Проповедник «живого дела» (Памяти И.А. Гончарова) | страница 3



Ново-образовавшаяся интеллигенция поспешила изложить свое profesion de foi в романтическом миросозерцании. Автор «Обыкновенной истории» говорил от имени совершенно другого поколения интеллигенции. Николаевская эпоха выдвинула вперед интеллигента-разночинца. Интеллигент-разночинец все громче и громче начинал заявлять о своем существовании, к его голосу все внимательнее и внимательнее прислушивались различные слои «культурного» русского общества.

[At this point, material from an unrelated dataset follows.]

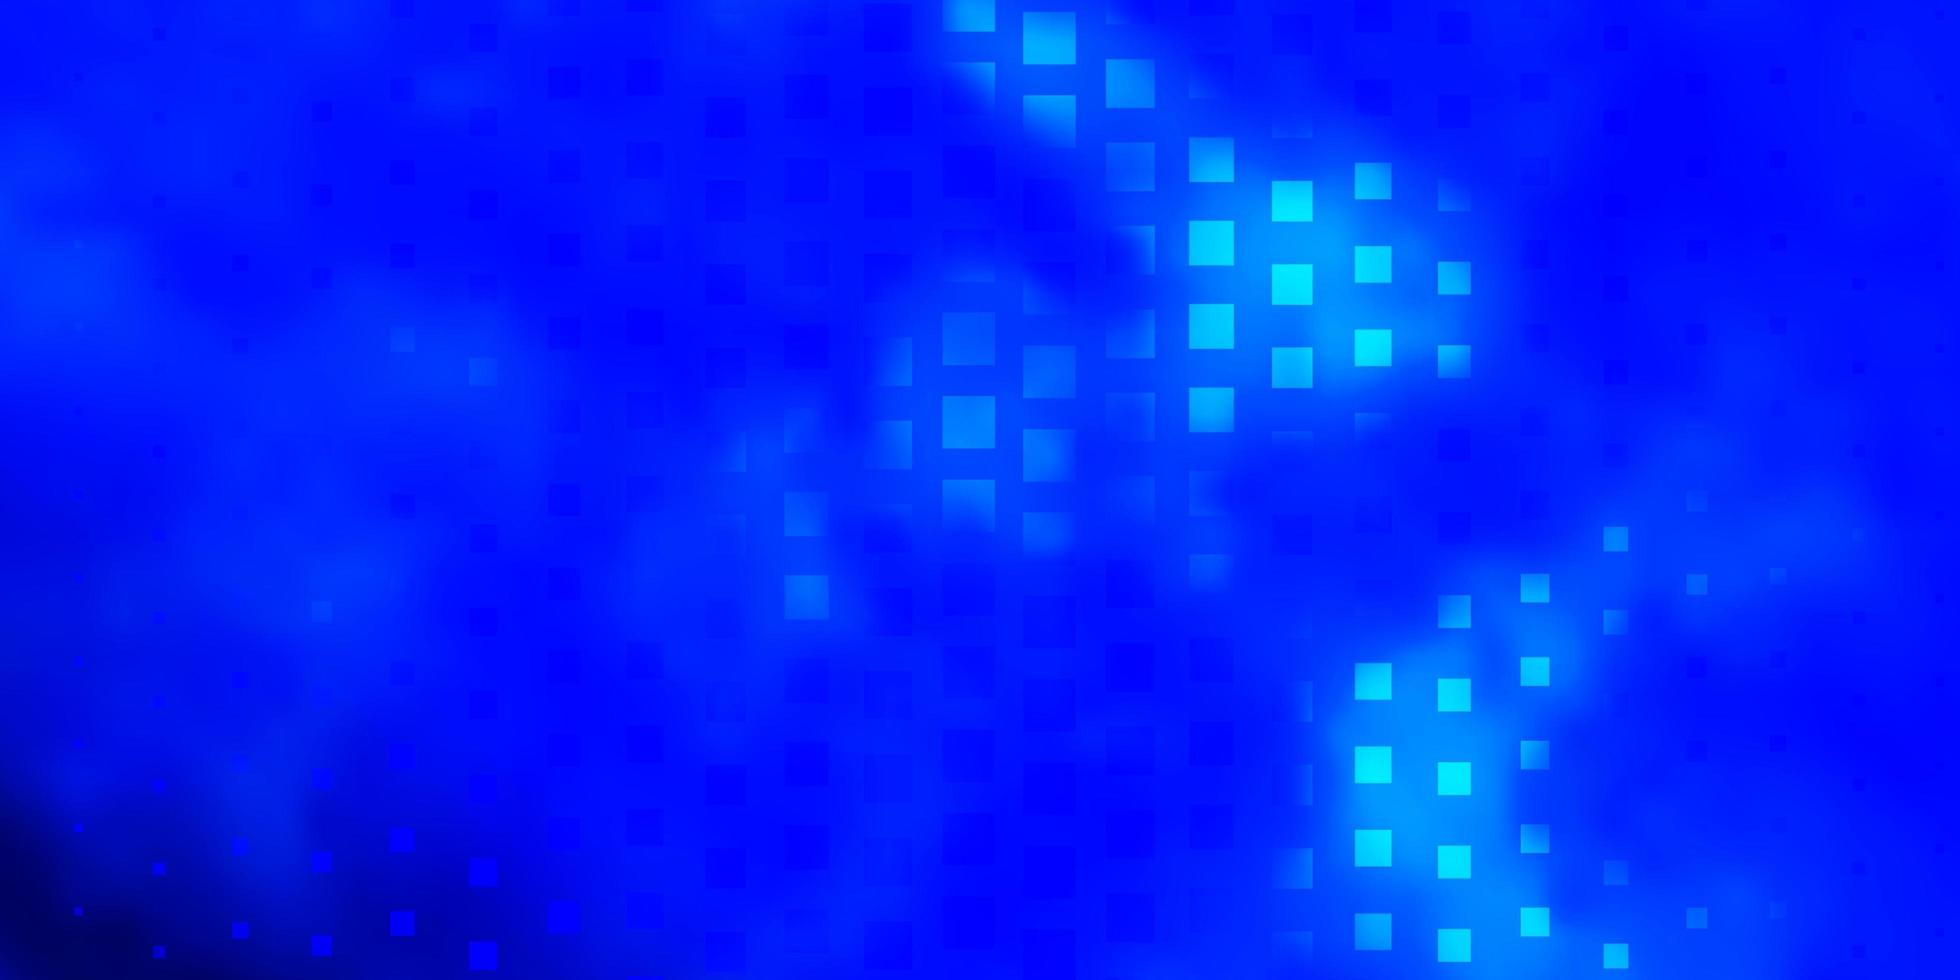 ljusblå vektorlayout med linjer, rektanglar. vektor

Интеллигент-разночинец предлагал свой кодекс верований и стремлений. Прошедший тяжелую школу борьбы за существование обязанный своим общественным возвышением исключительно своему труду и своей энергии, усилиям своего «подвижно» ума, он, естественно, провозгласил культ труда, энергии и разума; он, естественно, высказался за самое трезвое отношение к жизни; он признал гибельным для себя малейшие «уклонения в сторону» – малейшие иррациональные движения души, он предостерегал против обманчивых внушений непосредственного чувства, против увлечения хаотической игрой «бесполезных» порывов и поэтически вольного воображения. Он не задумывался даже принести в жертву идею альтруизма, считая ее одной из «иллюзий», заставляющих часто человека становиться на ложный путь, неверно оценивать факты текущей жизни: он объявил себя сторонником «разумного эгоизма». Для того, чтобы быть закаленным воином на арене жизненной борьбы, он требовал прежде всего душевной уравновешенности и цельности.

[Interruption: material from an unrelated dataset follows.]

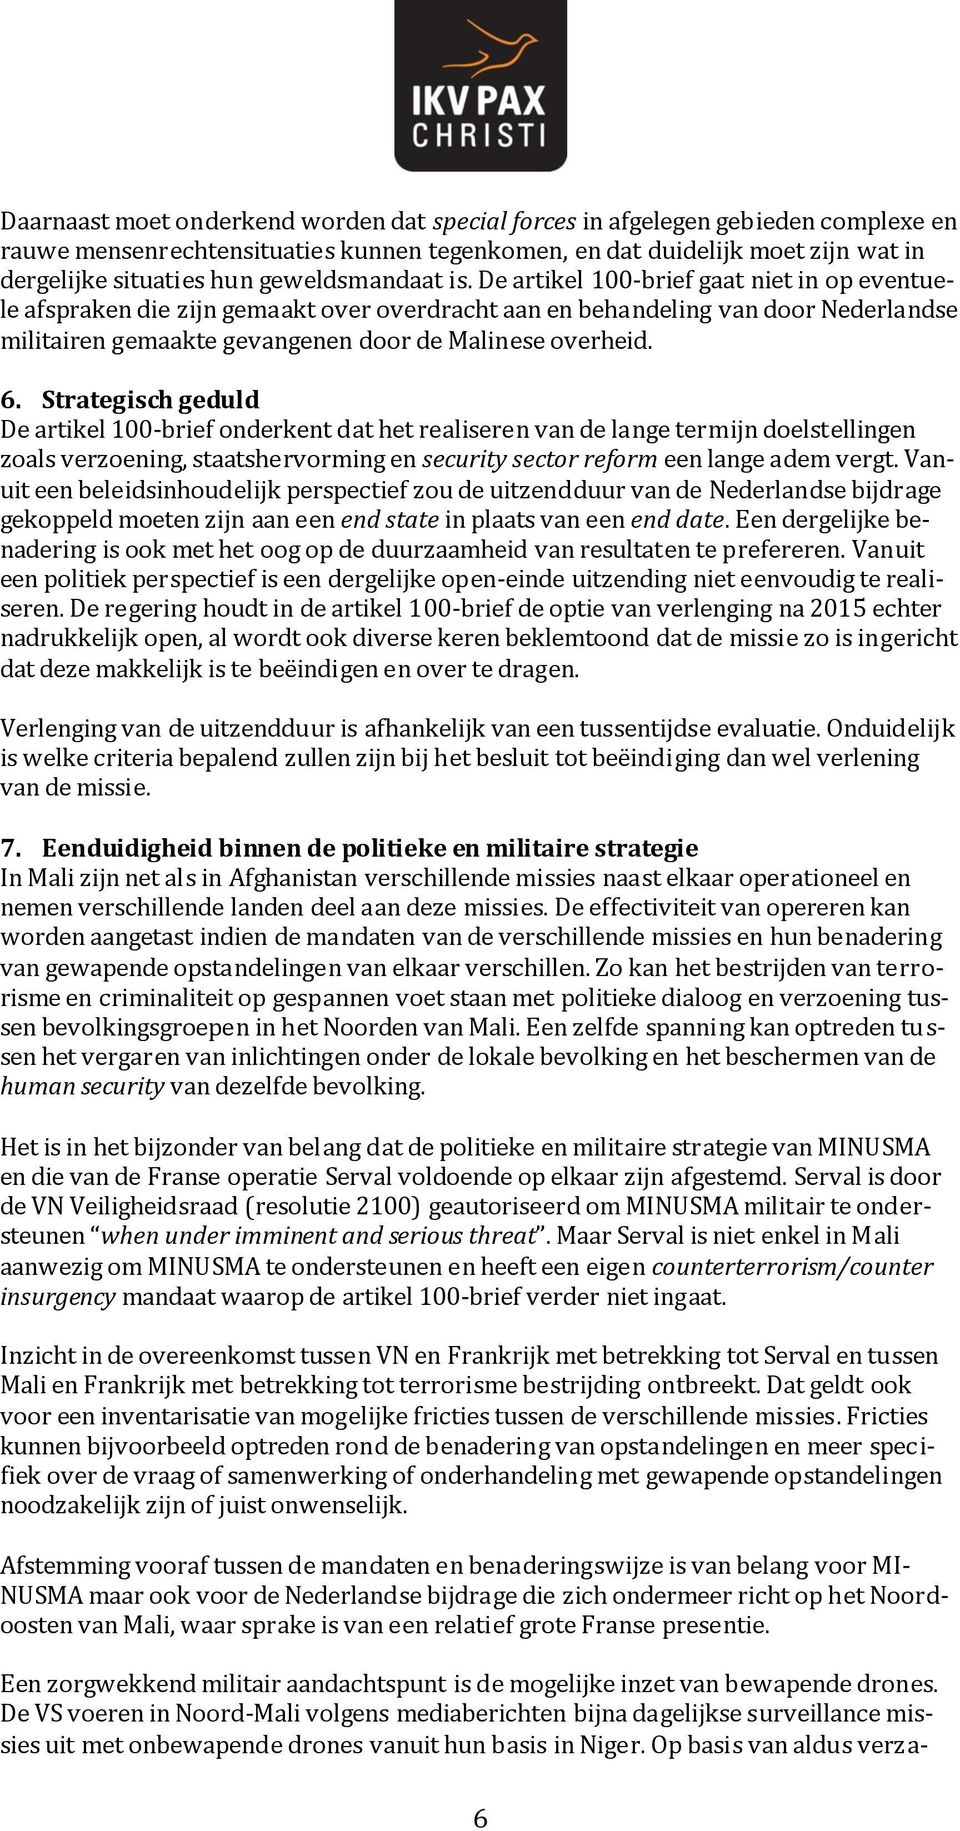 De artikel 100-brief gaat niet in op eventuele afspraken die zijn gemaakt over overdracht aan en behandeling van door Nederlandse militairen gemaakte gevangenen door de Malinese overheid. 6.

Новая «вера» и новая мораль были приняты; против «феодального» мировоззрения повелась усиленная атака. Интеллигенция не колебалась «неуравновешенным мечтательным натурам» противопоставить, в качестве идеала, представителей «новой» общественной группы, – она поспешила возложить свои надежды на практика-дельца, промышленника и купца: в промышленниках и купцах, в этих «новых людях», они видели воплощение активного творческого начала. Этого для нее было достаточно.

В встрече мягкого, избалованного ленью и барством, мечтателя-племянника с практическим дядей, – говорил Гончаров по поводу героев своей «Обыкновенной истории», – выразился намек на мотив, который едва начал тогда разыгрываться в самом бойком центре – в Петербурге. Мотив этот – слабое мерцание сознания необходимости труда, настоящего не рутинного и живого дела. В борьбе с всероссийским застоем.

Представитель этого мотив в обществе был дядя: он достиг значительного положения в службе… И, кроме того. Он сделался и заводчиком. Тогда, от 20-х до 40-х годов – это была смелая новизна.